After moving back to Summerville with my parents, I went to work with my stepfather. I went out "partying" a good bit while I was down there. At the time, I didn't realize exactly how bad I was coping with things. I was drinking more than usual and my temper was getting worse. Even I didn't recognize that at the time. Law enforcement was still in my blood and I felt like I had been gone long enough so I decided to go try to get my job back. The chief at the time told me that if I wanted my job back all I had to do was ask. So, I asked, and was rehired.
July 14th, 1999 was my first day back on patrol and I felt like I was handling everything mentally. Of course, I still wasn't attending church and hadn't even thought about it at all. Over the next couple of years working on the "line" I became much more coarse and my range of emotions was not normal. I didn't see any of that at the time though. Things that would make someone cry or cause a great deal of sadness didn't have that same affect on me anymore. All I knew was anger. There were several things that happened while I was working between when I came back to work, and around 2001 that bothered me and stuck with me without me even realizing it. There were incidents involving children being shot and sometimes killed, children abused in other ways, elderly adults being abused, and many other disturbing calls. There were so many things that happened that fueled my anger without me even realizing it. I was a very bitter person to deal with most of the time with the exception of a few people that I trusted.
In 2001, a new chief took over the department and that summer I was promoted to detective. Initially, I was assigned to property crimes. That year I was pretty depressed around Christmas and in fact took the week off. That week I stayed inside with no contact from anyone. I refused to answer the phone and did not leave the house. I began to notice even more anger and began to dwell more on the suicides in my mind but I didn't really talk to anyone about it. In April, 2002, I began dating the woman that I would marry. As we grew closer, I would share more with her but not all of it or at least not much about how I was feeling at the time.
Also in 2002 (not sure what month), I was notified that I was to attend a post-traumatic stress course given in Columbia because of my previous events with the suicides. By this time, I had stopped having dreams and such about the events. I had tucked all of it away somewhere so I didn't have to think about it. This was not to say that I had dealt with it but simply hid it. I attended this class and the different exercises we had to perform really brought everything back to the surface. One of the doctors in the class insisted that the program worked for me but I was telling him that I felt much more stress and anxiety at the end of the course. He insisted I was better so back to the department I went carrying out my duties.
I did tell my girlfriend (now wife) that I didn't feel like that class helped and it brought me more stress.

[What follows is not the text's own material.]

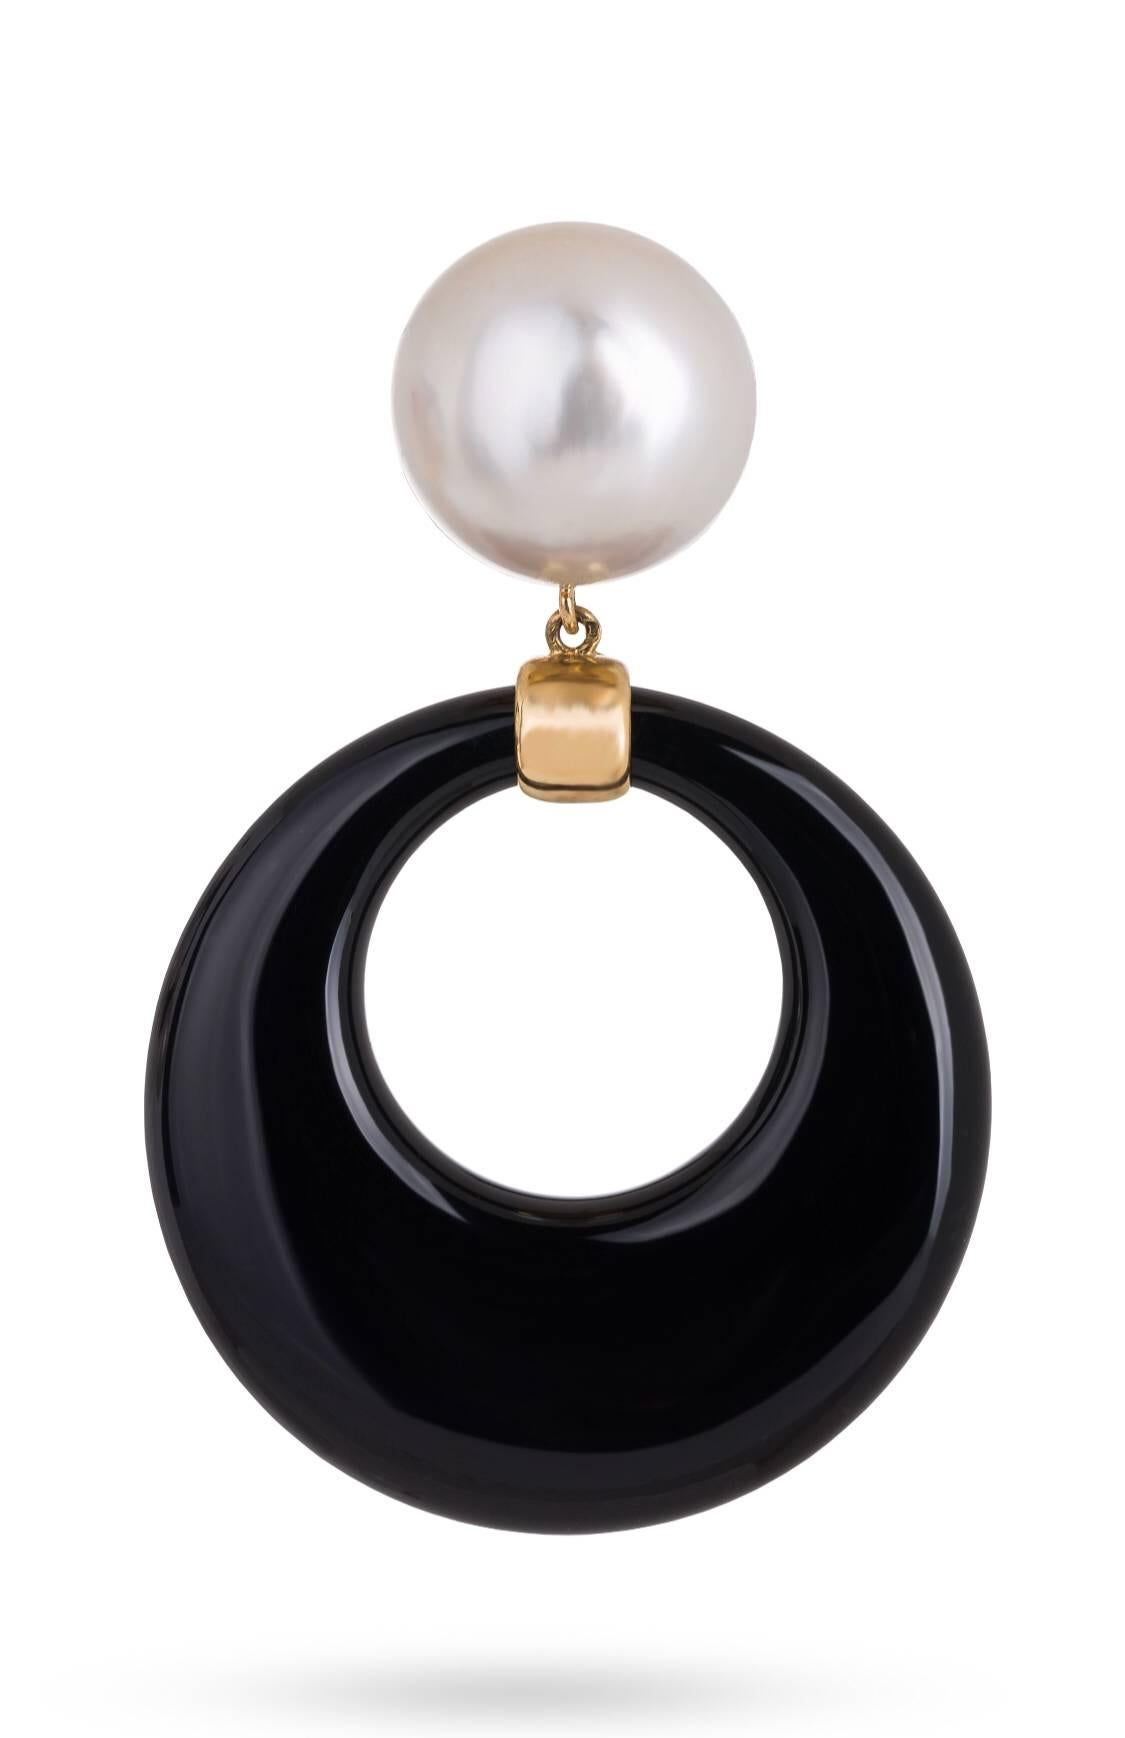 Long, but not too heavy, except in their impact 18K Yellow Gold Earrings. Each Earring has an open free floating Onyx drop rings. The top of each Earring has a Mabe Pearl Set in Gold.
The Earrings are post back with lots of movement on the Ear.

January and February were difficult months for me in 2003 because I thought about the suicides more since they occurred in February. The holidays were difficult too.
In February 2003 I proposed to my girlfriend and she agreed to marry me. We were married in May 2003 and started our new life together. I was very happy (and shocked she said "yes") about getting married and felt like this was my chance to start over but I still had yet to turn to God.
The next post will go into my marriage and being in and out of church over a period of years. God really started trying to move in me during this time.
Psalms 94:12-14 (NIV)
12 Blessed is the man you discipline, O LORD, the man you teach from your law; 13 you grant him relief from days of trouble, till a pit is dug for the wicked. 14 For the LORD will not reject his people; he will never forsake his inheritance.